Nuestra educación religiosa forma nuestra herencia de imágenes de Dios, que bien pueden ser un obstáculo más en nuestro sendero espiritual. Debemos darnos cuenta que nuestras ideas sobre Dios no sólo son determinadas por factores sociales y culturales sino que también son distorsionadas por nuestro condicionamiento, nuestros miedos personales, nuestras esperanzas y necesidades. Con frecuencia son producto de la niñez y están unidas a nuestras actitudes especialmente hacia los padres y los maestros. Todas las imágenes son un producto del ego. Al decir «Dios», sentimos que conocemos la Realidad Divina, al haberse formado una imagen clara de Él / Ella, el ego se siente seguro y en control. Pero «nombrar» no es conocer.
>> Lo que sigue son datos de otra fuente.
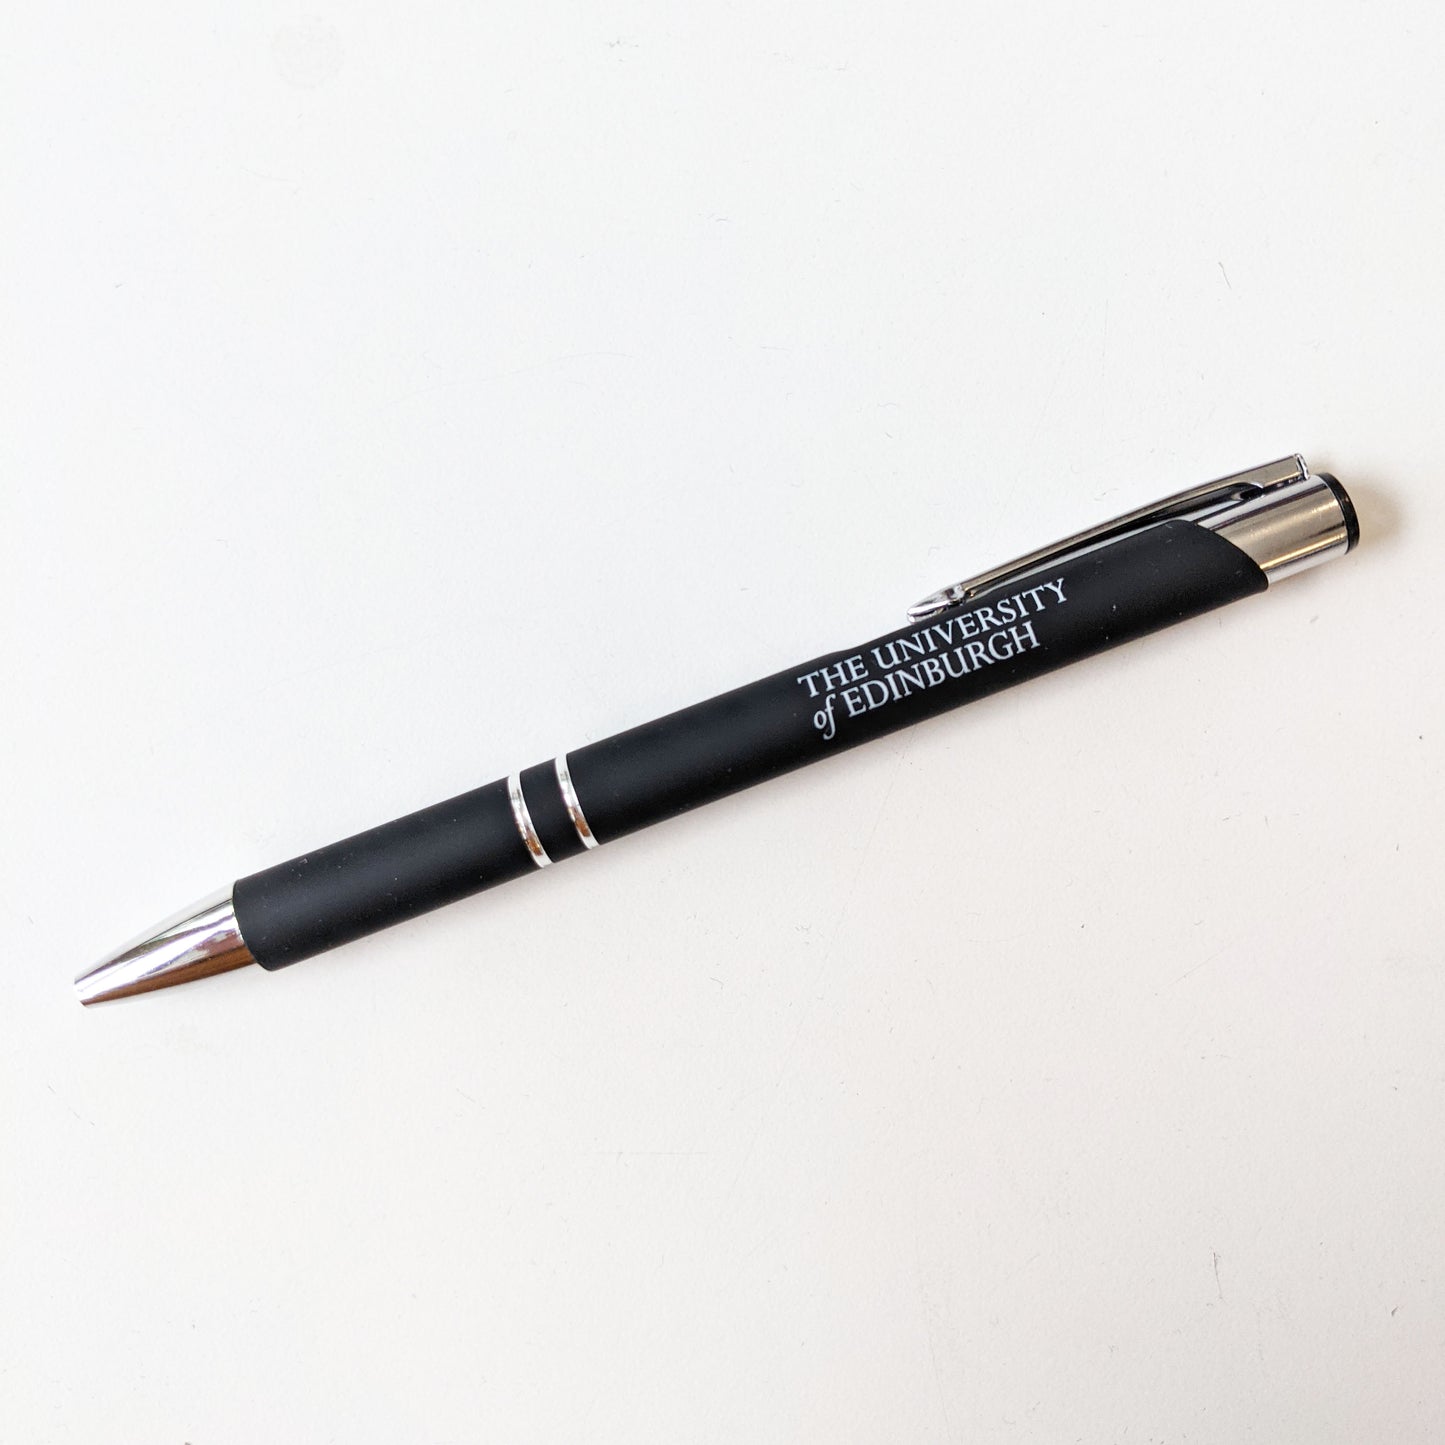 Black soft feel pen with 'The University of Edinburgh' printed on the barrel in white.

Hemos sido creados «a imagen y semejanza de Dios». Pero en vez de entender esto como que tenemos la imagen y semejanza Divina en nuestro interior, lo tomamos literalmente y por consiguiente hacemos a Dios a nuestra imagen y semejanza condicionadas: «La mayoría de las personas están encerrados en sus cuerpos mortales como el caracol en su caparazón, enrollados en sus obsesiones como erizos. Forman su concepto de la bienaventuranza de Dios tomándose a sí mismos como modelo» (Clemente de Alejandría Siglo II de nuestra era). Con frecuencia, cuando nos volvemos «agnósticos», o incluso «ateos» es nuestra imagen de Dios lo que ha muerto. El grito de Nietzsche, «Dios está muerto», es un ejemplo categórico de ello. No podía aceptar más al Dios de su niñez, por lo que pagaron justos por pecadores.
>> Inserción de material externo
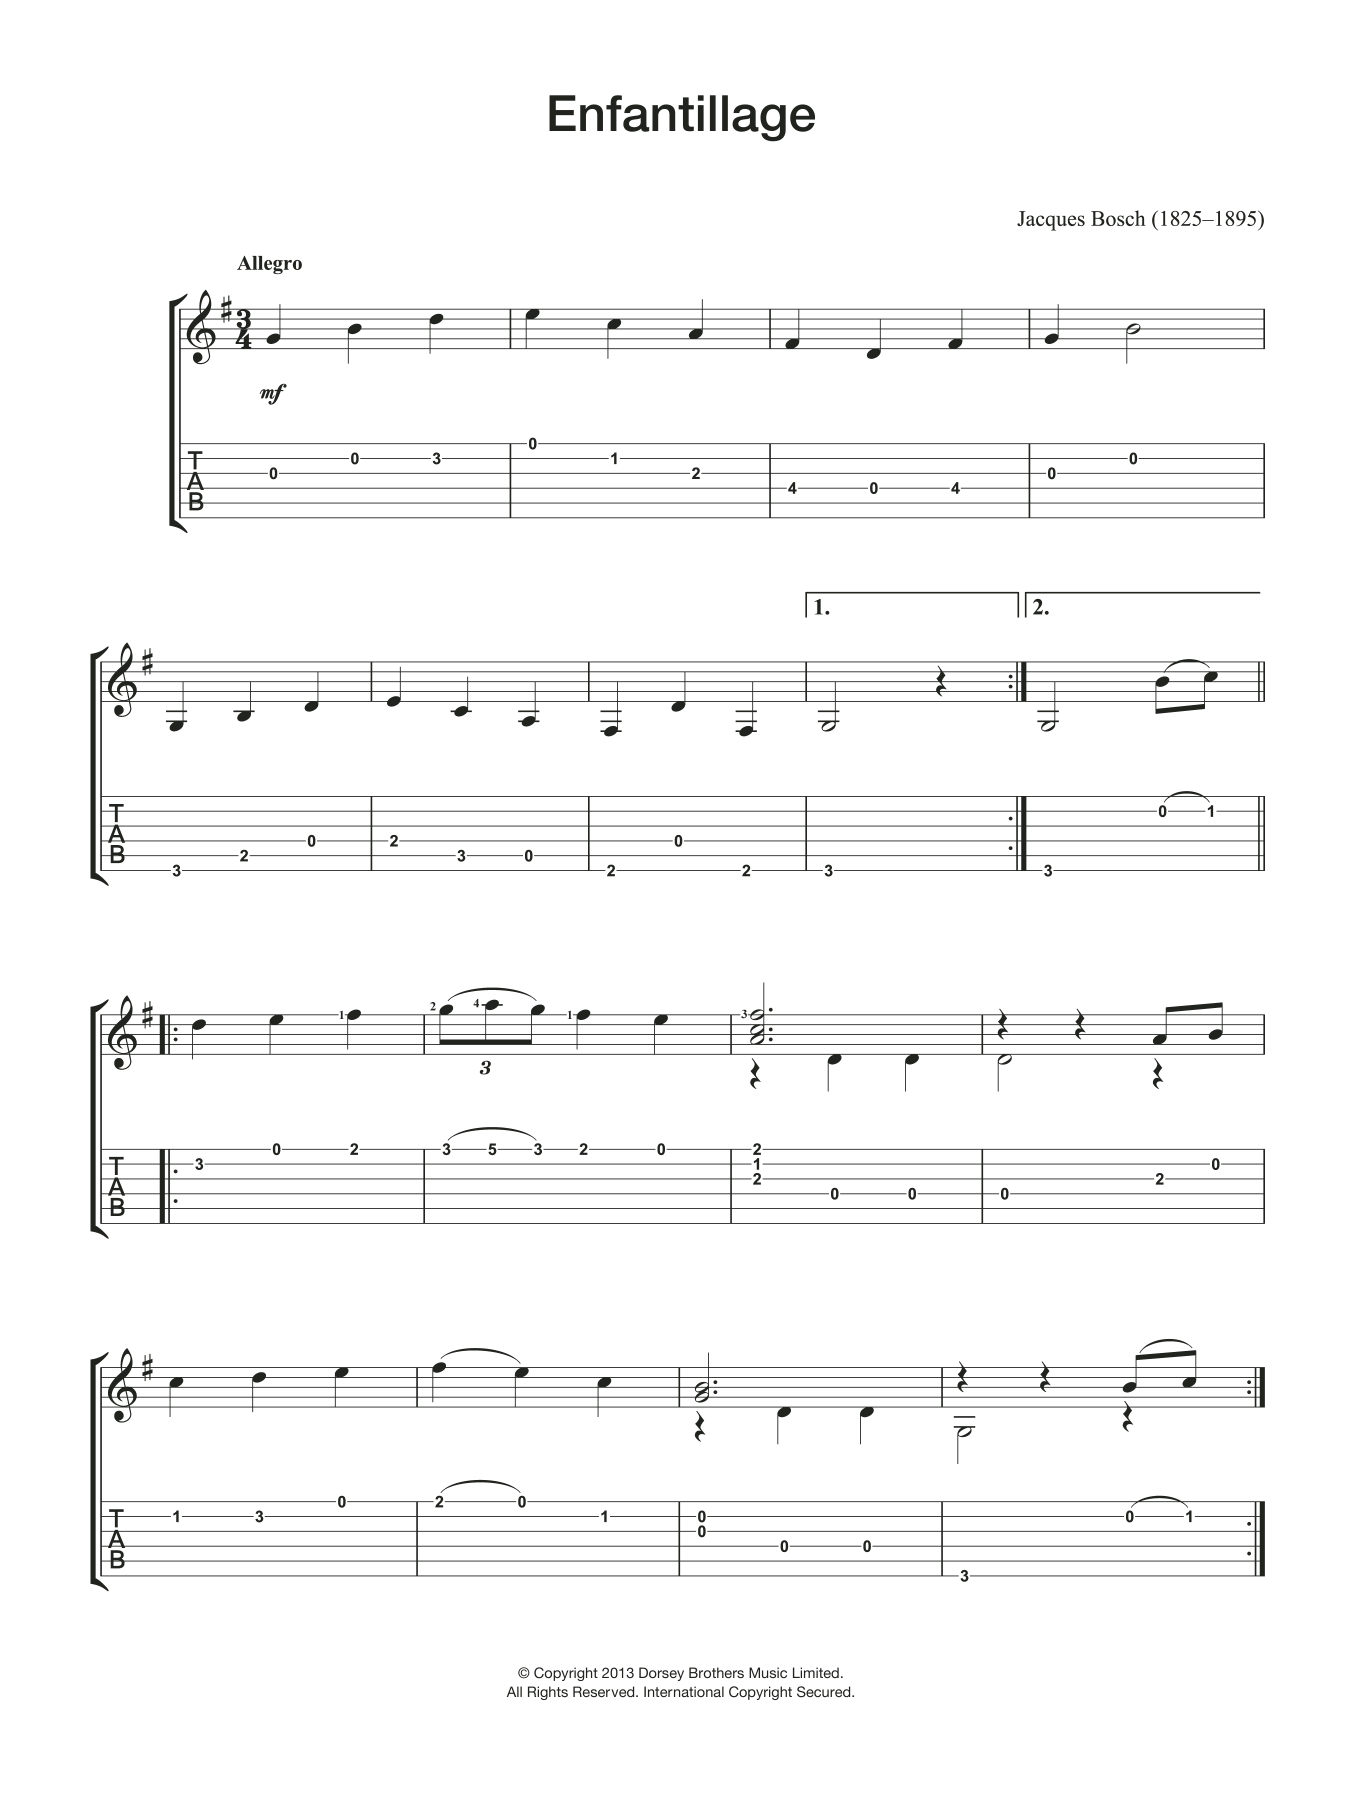 Jacques Bosch Enfantillage Sheet Music Notes & Chords for Guitar - Download or Print PDF

Las Escrituras Cristianas nos muestran claramente cómo funciona este proceso: nuestras imágenes reflejan la época en la que vivimos y lo que necesitamos. Vemos una secuencia de imágenes de Dios unidas a la evolución social de la humanidad. Primero conocemos el Dios tribal de la Biblia hebrea: todo poderoso, protector, generoso, imponente pero también distante, caprichoso e impredecible, como la naturaleza de la cual tanto dependían las pequeñas comunidades que con frecuencia eran migrantes. Sigue un Dios más imparcial, omnipotente y omnisciente, no tan distante, un soberano justo como el Rey ideal de la comunidad establecida o la ciudad estado que entonces se requería. Luego encontramos el Dios del Amor del Nuevo Testamento, que refleja la necesidad de paz y servicio de una comunidad más grande, fortaleciendo las relaciones. Pero Dios no cambia –sólo cambian nuestras imágenes.
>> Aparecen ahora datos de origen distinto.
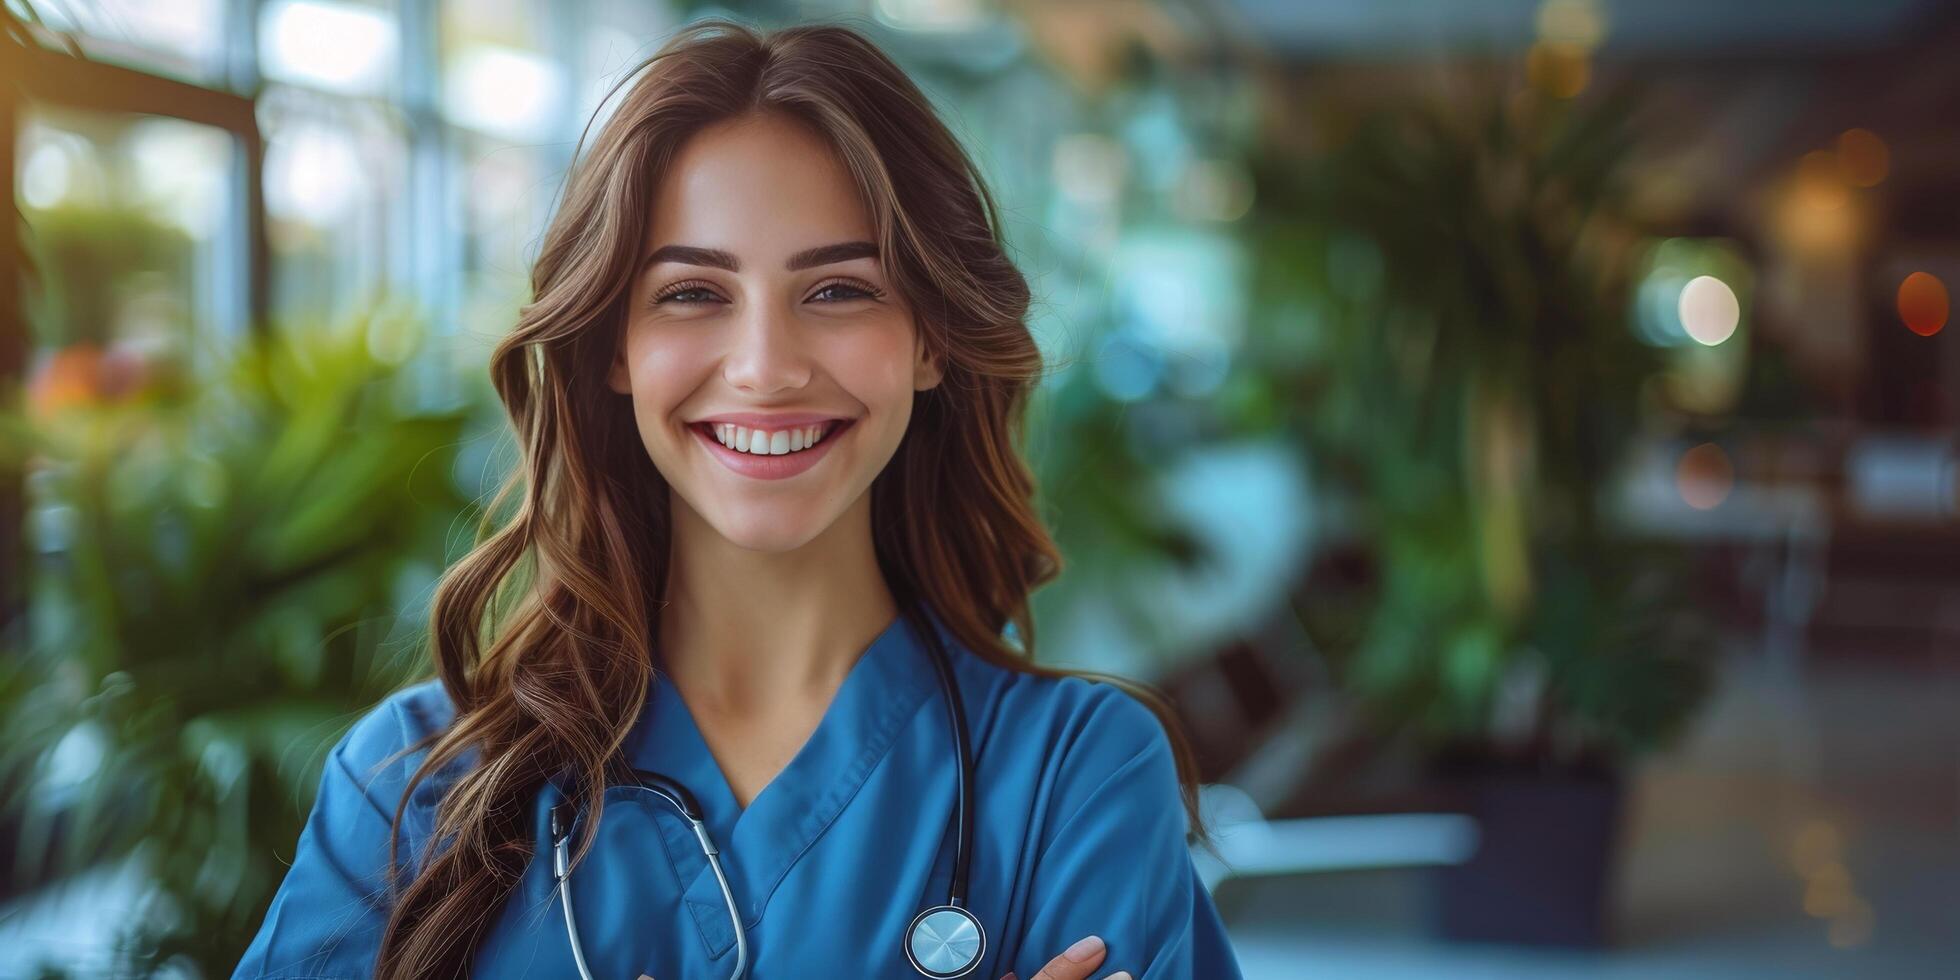 ai gegenereerd glimlachen vrouw in blauw schrobben pak met stethoscoop foto

Aunque sabemos que no podemos abarcar lo Divino en palabras y pensamientos, encontramos demasiado difícil relacionarnos con algo que «no tiene nombre», algo «inefable» e «ilimitado». La mente humana necesita imágenes –así está hecha, es parte de nuestro ser físico en este nivel de realidad, tiempo y espacio. Pero debemos recordar que Dios es mucho más que nuestras imágenes y debemos mirar más allá hacia la Realidad a la que apuntan. Como subraya un dicho budista, son dedos señalando hacia la luna, no la luna misma. Al tratar a las imágenes como Realidad, ignorando que son meras sombras de lo Real, en realidad hacemos ídolos de nuestras imágenes. Pero debemos destrozar estos ídolos.
Meister Eckhart (místico alemán del Siglo XIV) lo expresa enérgicamente en su dicho: «Por lo tanto, oro a Dios para que me libere de dios» (libérame de mis imágenes de Dios). Este dicho es muy similar al dicho budista. «Cuando te encuentres con Buda en el camino, mátalo.» Es con Dios mismo que está más allá de nuestras imágenes con quien estamos íntimamente unidos y las imágenes sólo ocultan esa realidad. La meditación, mediante el énfasis que pone en abandonar las palabras y las imágenes, nos ayuda a abandonar nuestras imágenes falsas, nuestros ídolos y a entrar en la experiencia sin palabras de Dios.